Assignment
Range to output from the entries below: the line containing "Plaid Cold Shoulder Lace Up Dress - RED 3XL" through the line containing "Dyson, John - Spirit". Set it down exactly, ends included, nothing else.

Provided records
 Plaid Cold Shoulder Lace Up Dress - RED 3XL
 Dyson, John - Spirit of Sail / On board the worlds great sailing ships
...
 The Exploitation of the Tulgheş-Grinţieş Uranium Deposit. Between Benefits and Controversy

Task solution
 Plaid Cold Shoulder Lace Up Dress - RED 3XL
 Dyson, John - Spirit of Sail / On board the worlds great sailing ships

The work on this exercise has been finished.